We know the relation,

if ${a}^{k}=m$ , then $\log _{ a }{ m } =k$

$\therefore \log _{ x }{ 2x } =2\Leftrightarrow { x }^{ 2 }=2x$

$\rightarrow x=2$ or $x=0$

But we can neglect $x=0$ as it doesn't satisfy the given equation.

$\Longrightarrow \log _{ x }{ 4x } =\log _{ 2 }{ 8 } =\log _{ 2 }{ { 2 }^{ 3 } } =\frac { 3\log _{ e }{ 2 } }{ \log _{ e }{ 2 } } =\boxed { 3 }$

$\log_x (2x) = 2$ , we have $2x = x^2$ , this gives us $x=2$ . $\log_x (4x)=\log_2 (4x)=\log_2 (2^3)=3$ .

First, you write $\log_x 2x$ = 2 into exponential form:

$x^{2}$ = 2x, which by solving out, we get x = 2 or x = 0. We will have to ignore x = 0, though since x = 0 does not satisfy the original equation.

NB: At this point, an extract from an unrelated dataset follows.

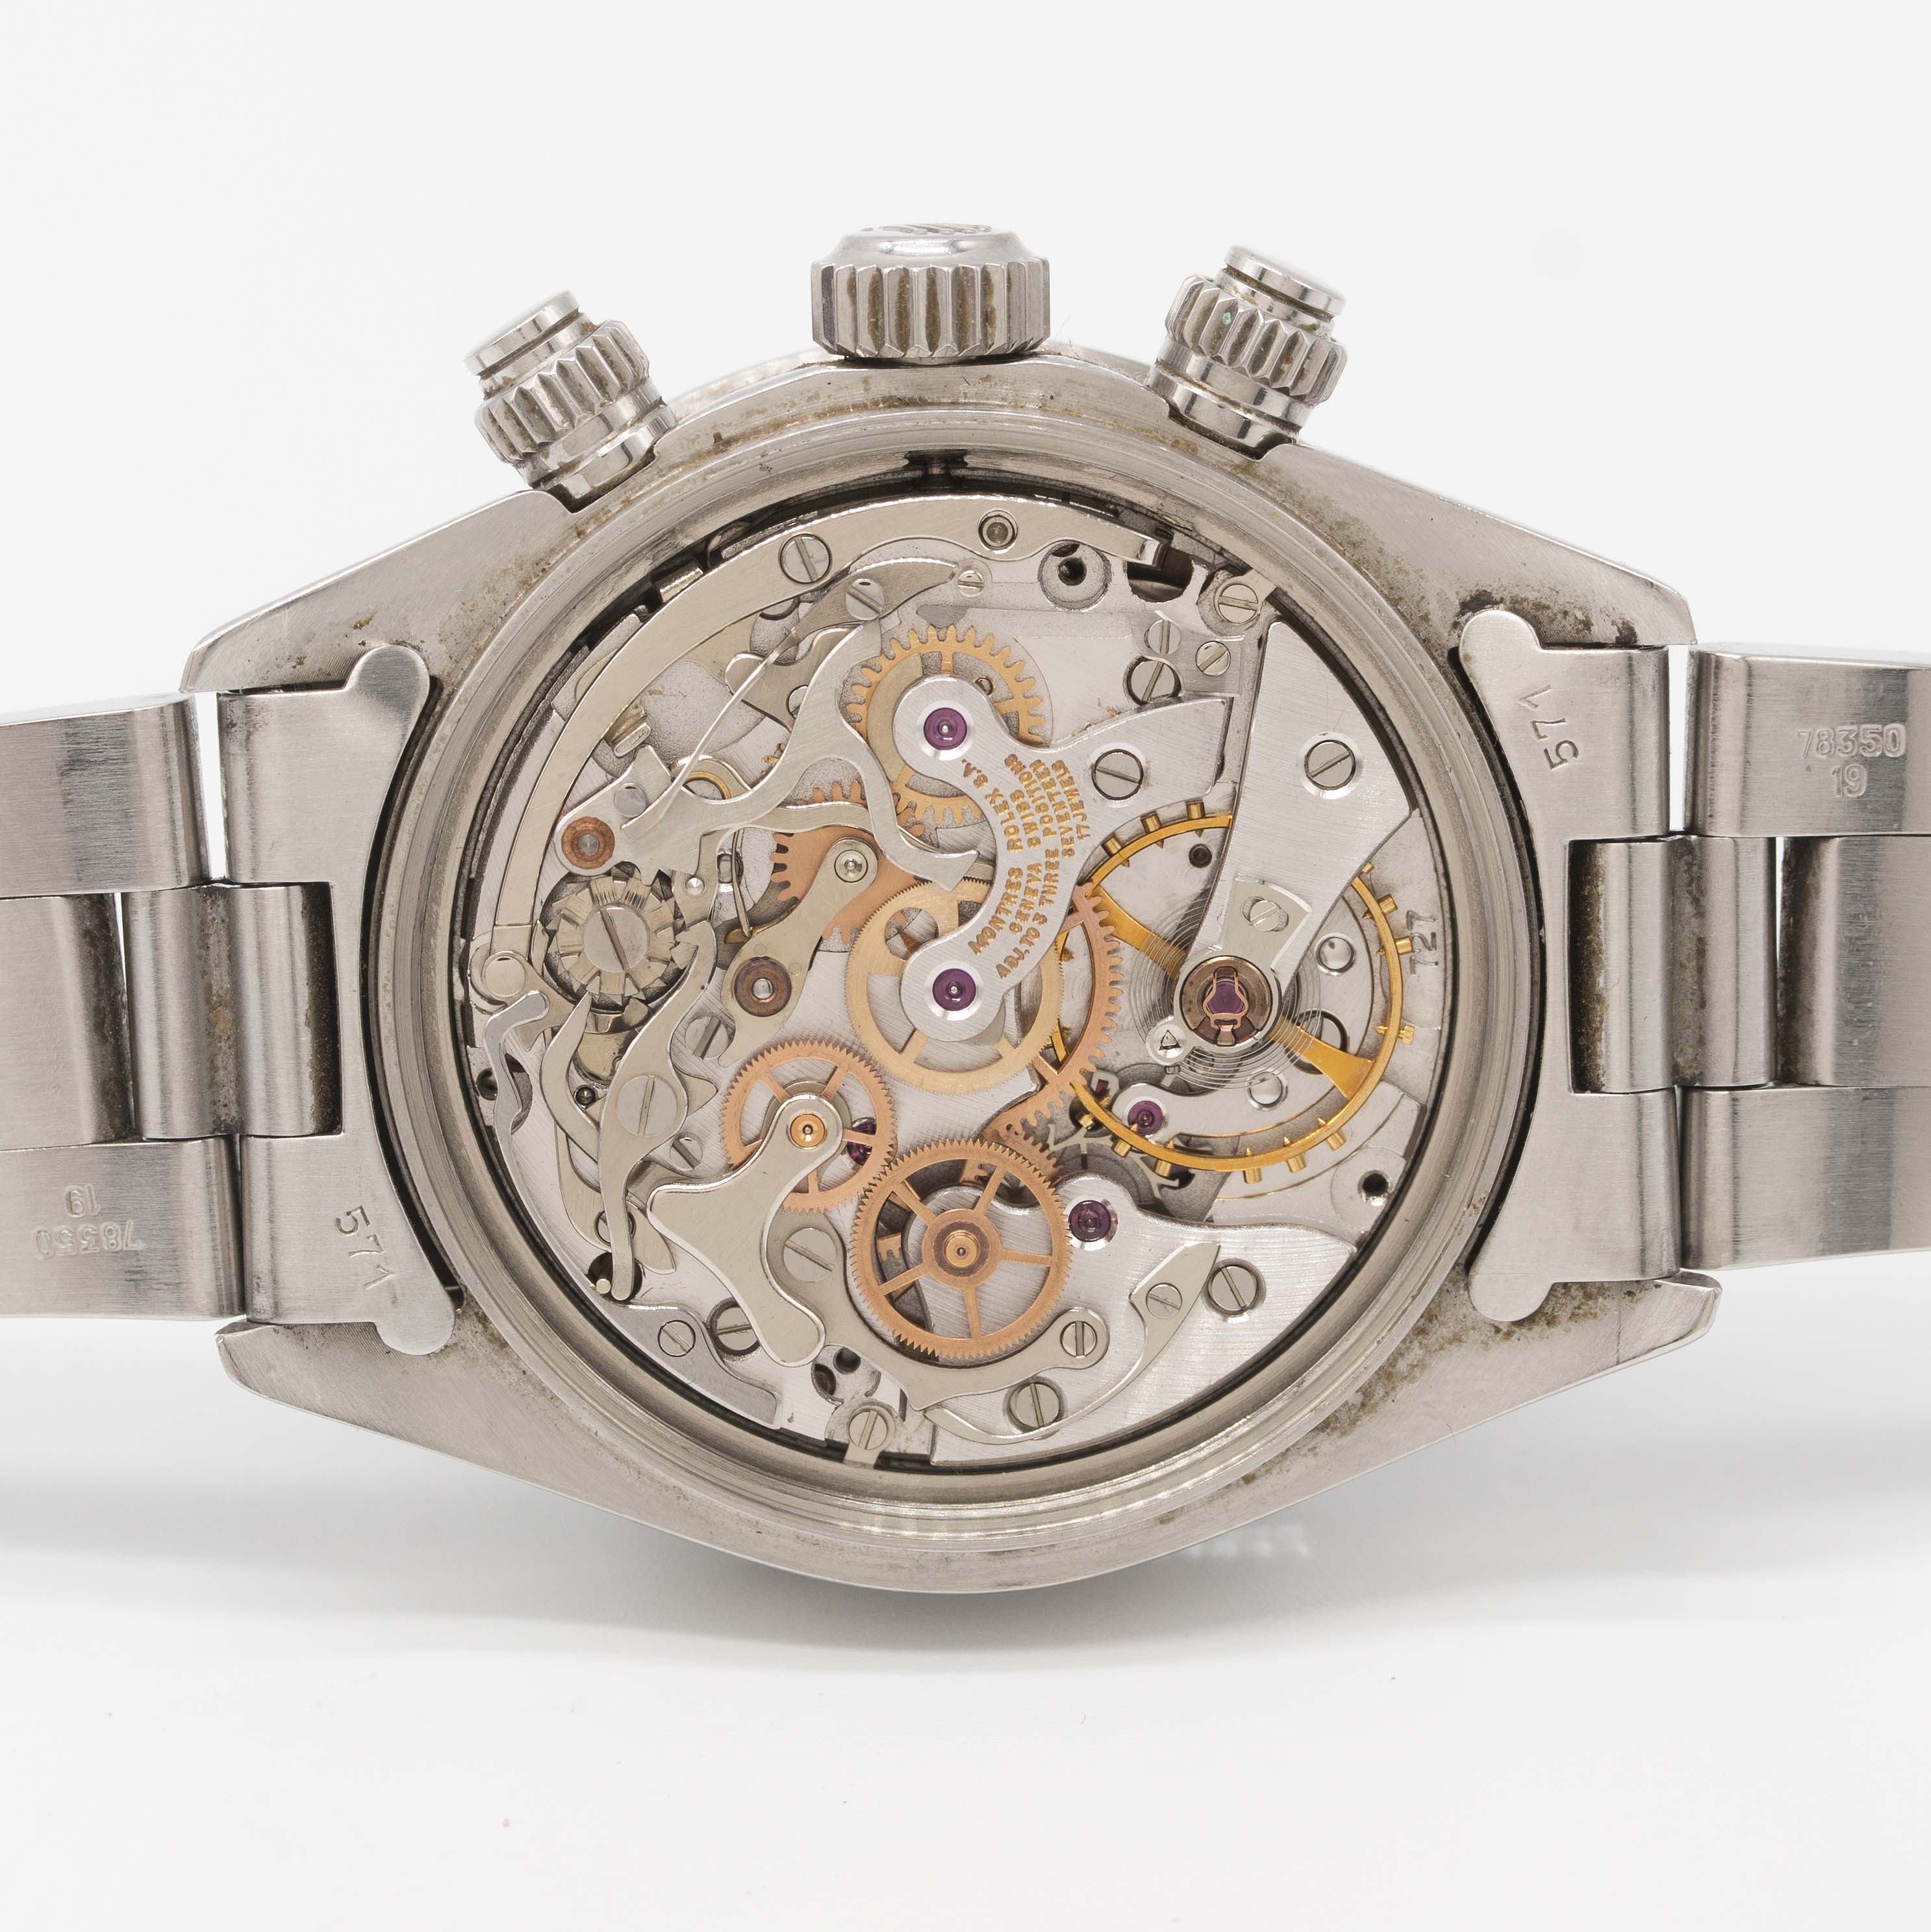 A VERY RARE GENTLEMAN'S STAINLESS STEEL ROLEX OYSTER COSMOGRAPH DAYTONA BRACELET WATCH CIRCA 1979, - Image 9 of 12
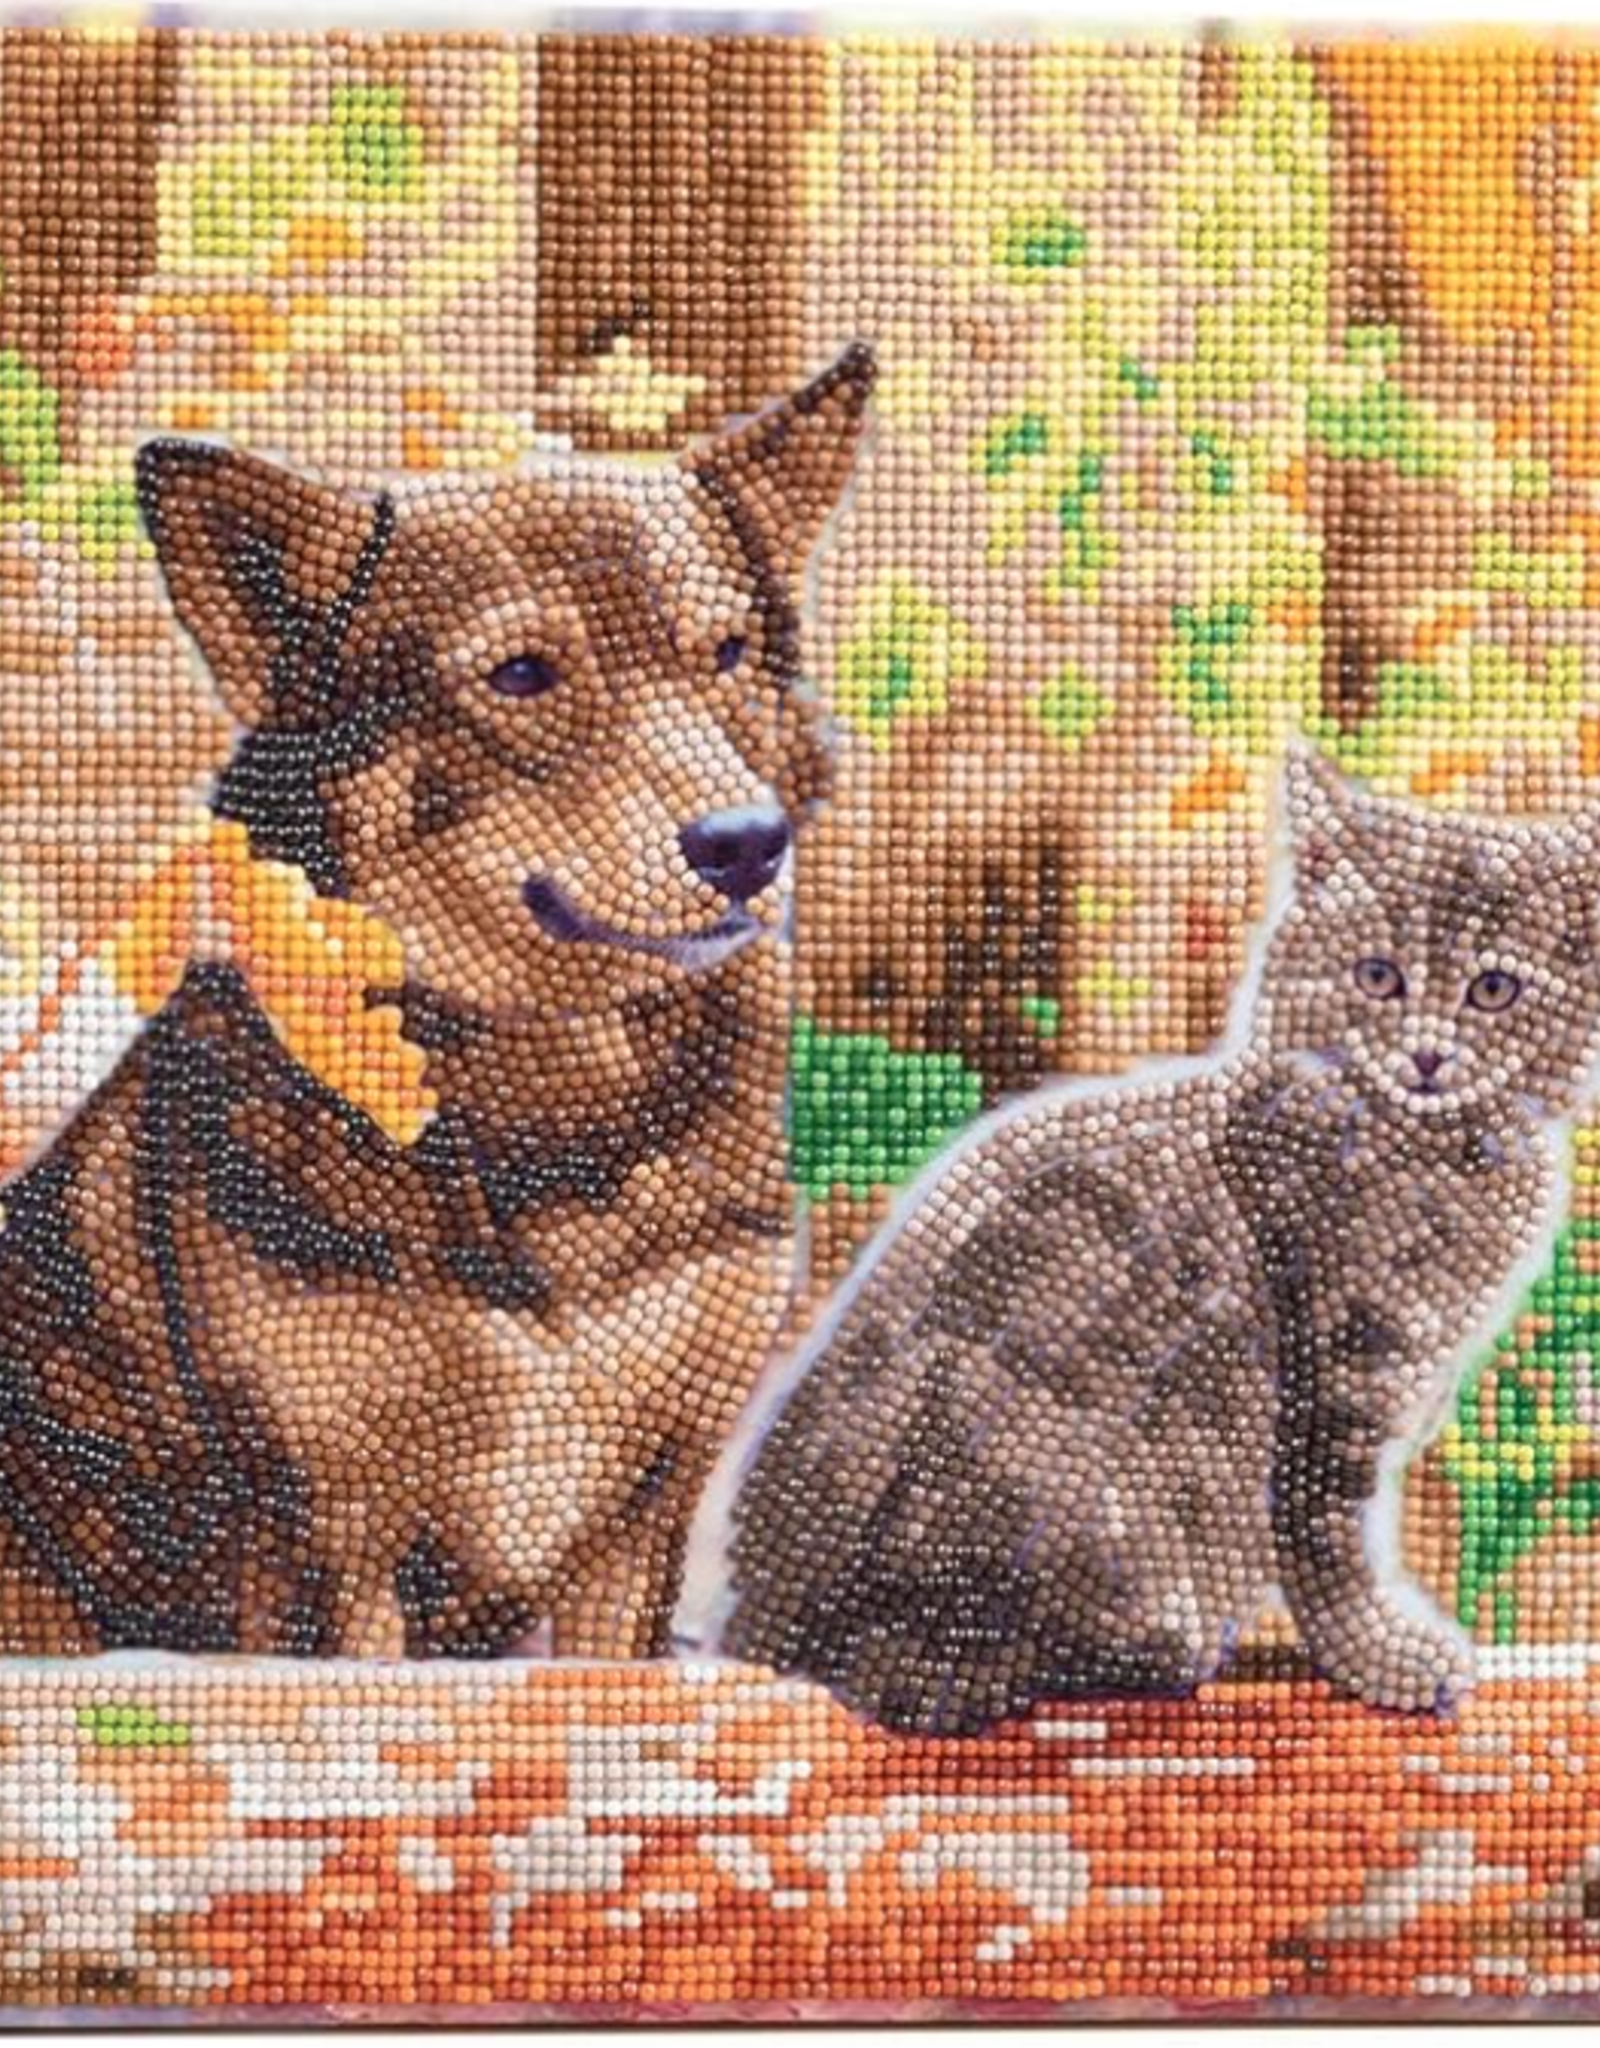 Outset media Crystal Art Md Cat & Dog in Woods

Next, you write $\log_x 4x$ = y into exponential form:

$x^{y}$ = 4x.

By plugging in our found x value, we now get:

$2^{y}$ = 8.

What we do know about this relationship is that 8 is equal to $2^{3}$ , so y must equal 3.

Therefore, our final solution must be $\boxed{3}$

$log_x(2x)=2$ $\implies$ $x^2=2x$

Either $0$ or $2$ satisfies this.

$log_0(0)= undefined$ (Substituting $0$ in place of $x$ in $log_x(4x)$ )

$\therefore$

$log_x(4x)=log_2(8)=3$ (Substituting $2$ in place of $x$ in $log_x(4x)$ )

Hence $3$ is our answer.